Abstract
Objective: A less invasive method to assess internal thoracic artery (ITA) graft function after coronary artery bypass grafting (CABG) is desired. This study reports the novel method to estimate ITA graft function using CT angiography.
Materials and Methods: Fifty ITA grafts were assessed. Hounsfield Unit transition of each graft on the same cross section was detected during the Test Bolus Injection, which led to the making of a time density curve (TDC), for each ITA. Variables from the TDC were compared statistically with data obtained from Pulse Doppler Echo (PDE), the best indicator of graft function, of ITA grafts.
Results: The ascending slope of the TDC was significantly associated with the following PDE data: Velocity time integral (VTI), VTI × Heart Rate (HR) and Mean Flow of ITA graft. A multivariate analysis showed an especially strong relationship with the ascending slope of the TDC and VTI × HR (R2 = 0.588).

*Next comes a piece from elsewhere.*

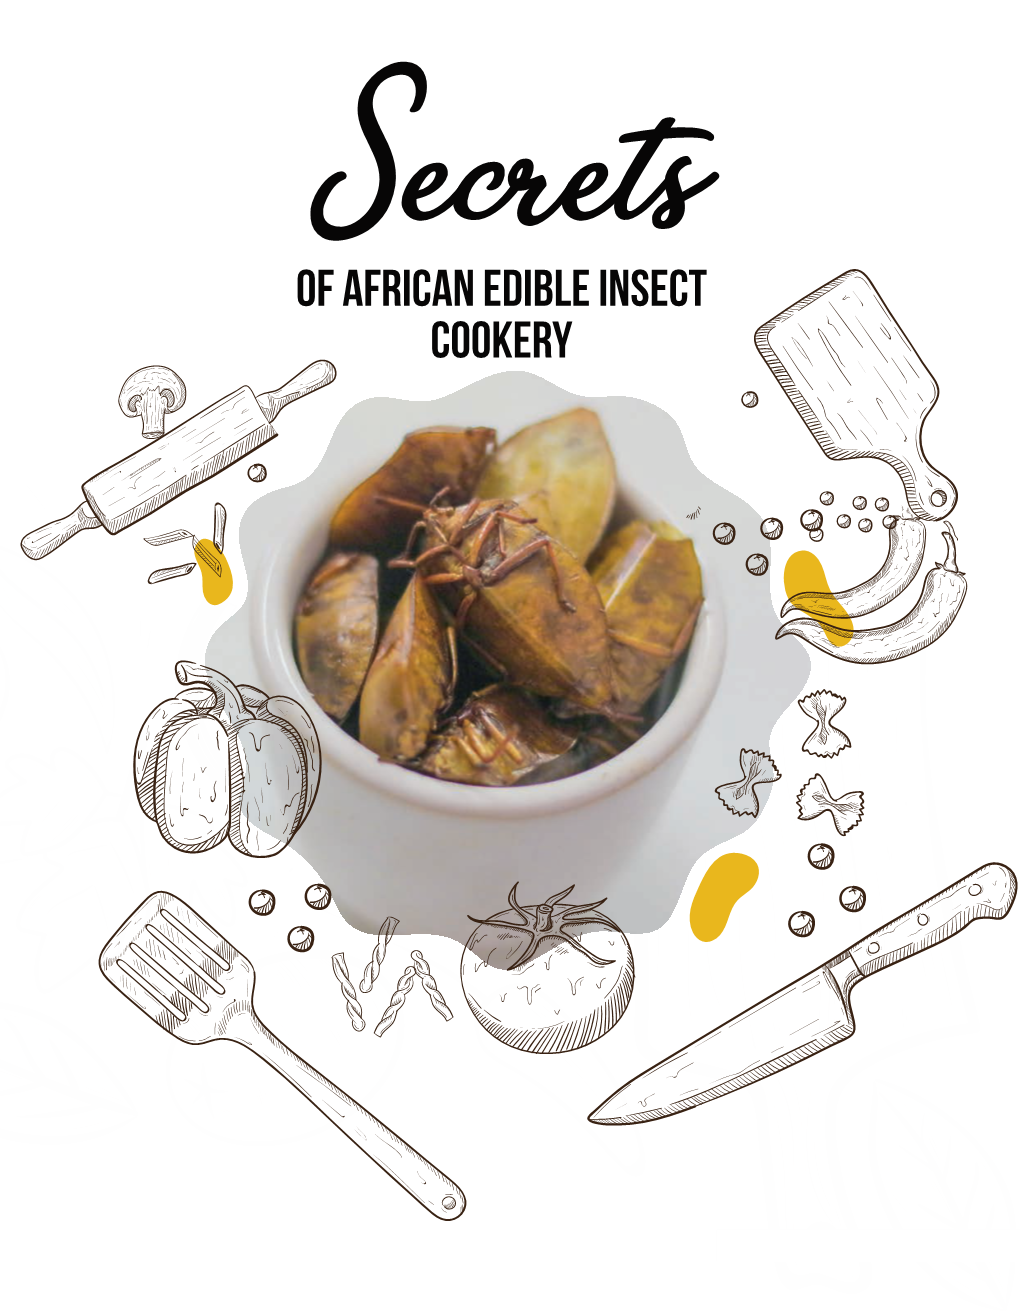 Secrets of African Edible Insect Cookery

Conclusion: The ascending slope of the TDC means the concentration transition of contrast media, which may be affected by the blood stream in the ITA graft. This study suggests the possibility of the ability to assess ITA graft function by CT angiography.
Keywords: ita graft function, coronary artery bypass grafting, time density curve, ct angiography
Introduction
Postoperative assessment of internal thoracic artery (ITA) grafts after coronary artery bypass grafting (CABG) is important because it assesses the cardiac risk of the patient who undergoes surgery or provides feedback to surgeons.
Since graft angiography using the catheter technique implies the possibility of brain infarction or other thrombotic complications,1) CT angiography is considered a safe and useful examination to assess ITA grafts due to its image construction potentials.2–4) However, CT angiography is not a measurer of ITA graft function since it shows only a static image.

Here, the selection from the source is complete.